Retrieval/Knowledge-Augmented Generation or RAG (i.e., Providing LLMs External Knowledge)

  • In an industrial setting, cost-conscious, privacy-respecting, and reliable solutions are most desired. Companies, especially startups, are not looking to invest in talent or training models from scratch with no RoI on the horizon.
  • In most recent research and release of new chatbots, it’s been shown that they are capable of leveraging knowledge and information that is not necessarily in its weights. This paradigm is referred to as Retrieval Augmented Generation (RAG).
  • RAG enables in-context learning without costly fine-tuning, making the use of LLMs more cost-efficient. By leveraging RAG, companies can use the same model to process and generate responses based on new data, while being able to customize their solution and maintain relevance.
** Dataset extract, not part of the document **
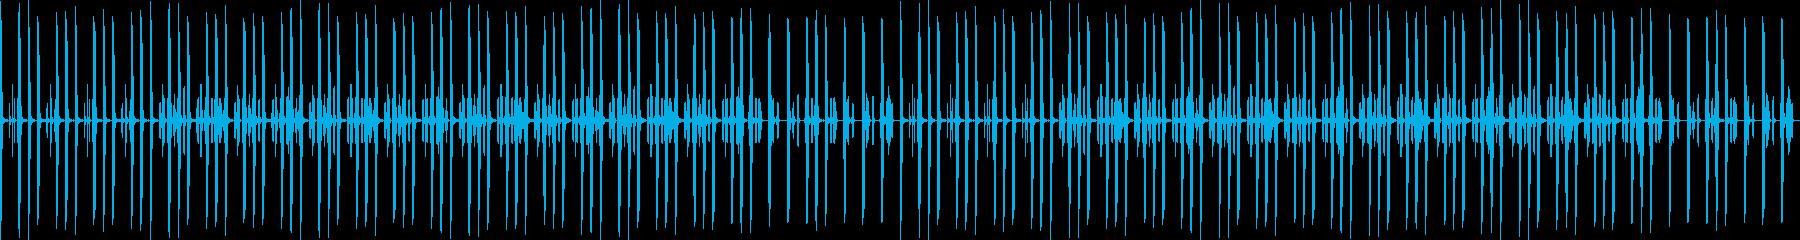 ほのぼの犬猫フルートBGM パターンFの再生済みの波形
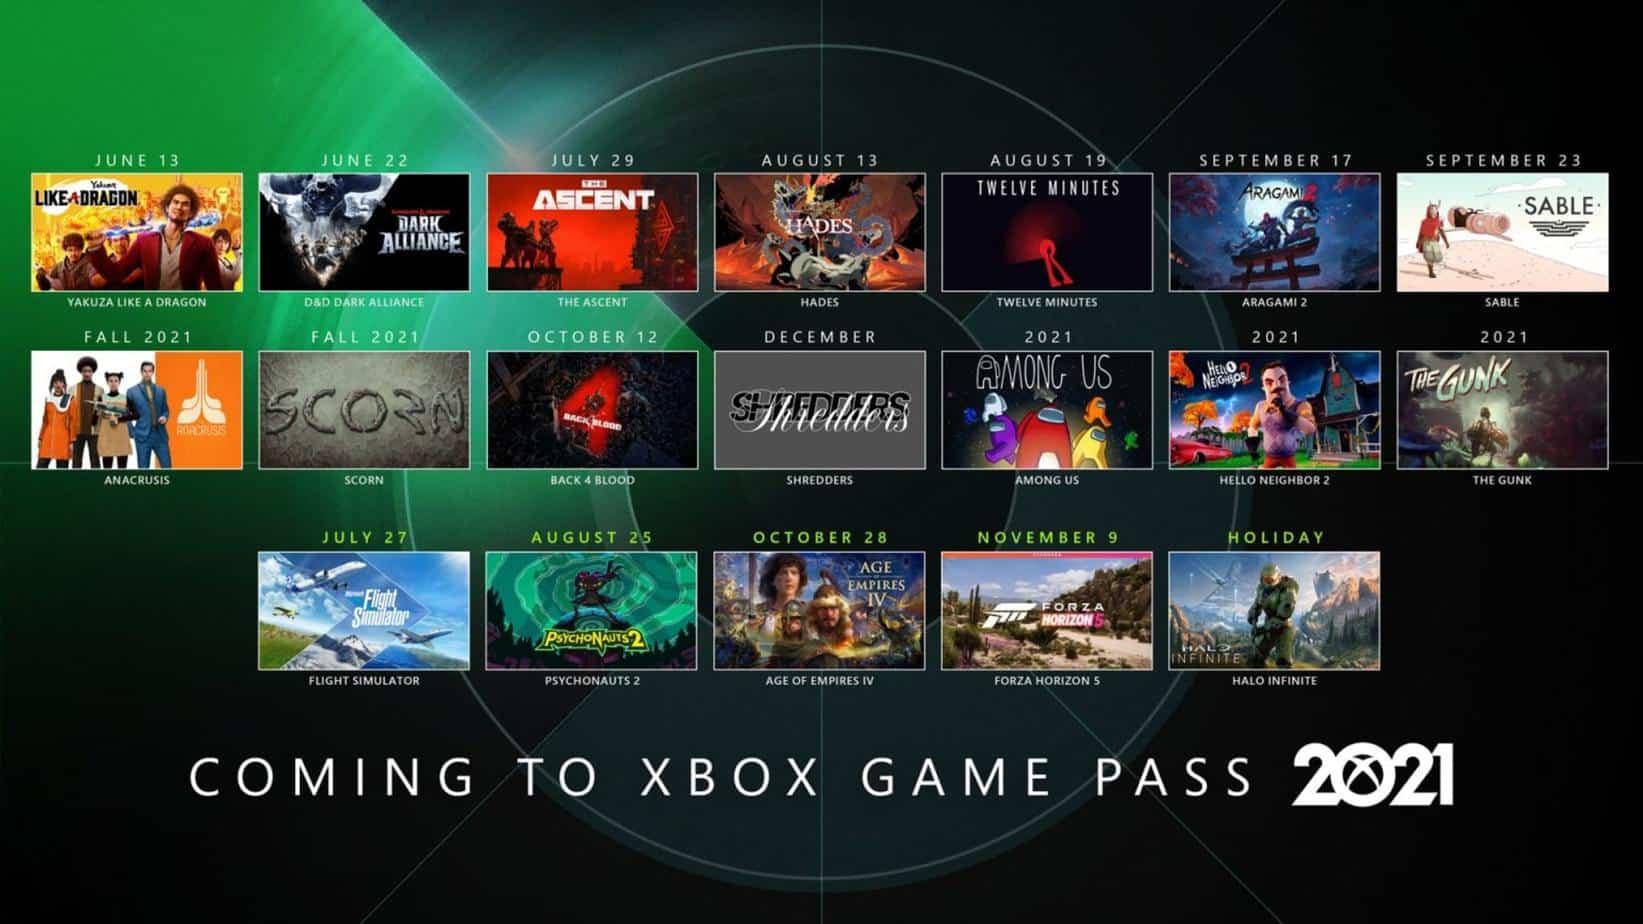 Lors de l'E3 2021, Microsoft a dévoilé une impressionnante liste de jeux Xbox Game Pass

RAG also helps alleviate hallucination.
  • There are several ways we can accomplish this, first of those being leveraging another LM by iteratively calling it to extract information needed.
  • In the image below (source), we get a glimpse into how iteratively calling LM works:

  • Another method for LLM gaining external knowledge is through information retrieval via memory units such as an external database, say of recent facts. As such, there are two types of information retrievers, dense and sparse.
    • As the name suggests, sparse retrievers use sparse bag of words representation of documents and queries while dense (neural) retrievers use dense query and document vectors obtained from a neural network.
  • Yet another method is to leverage using agents which utilize APIs/tools to carry out a specializes task. The model chooses the most appropriate tool corresponding to a given input. With the help of tools like Google Search, Wikipedia and OpenAPI, LLMs can not only browse the web while responding, but also perform tasks like flight booking and weather reporting. LangChain offers a variety of different tools.
  • “Even though the idea of retrieving documents to perform question answering is not new, retrieval-augmented LMs have recently demonstrated strong performance in other knowledge-intensive tasks besides Q&A. These proposals close the performance gap compared to larger LMs that use significantly more parameters.” (source)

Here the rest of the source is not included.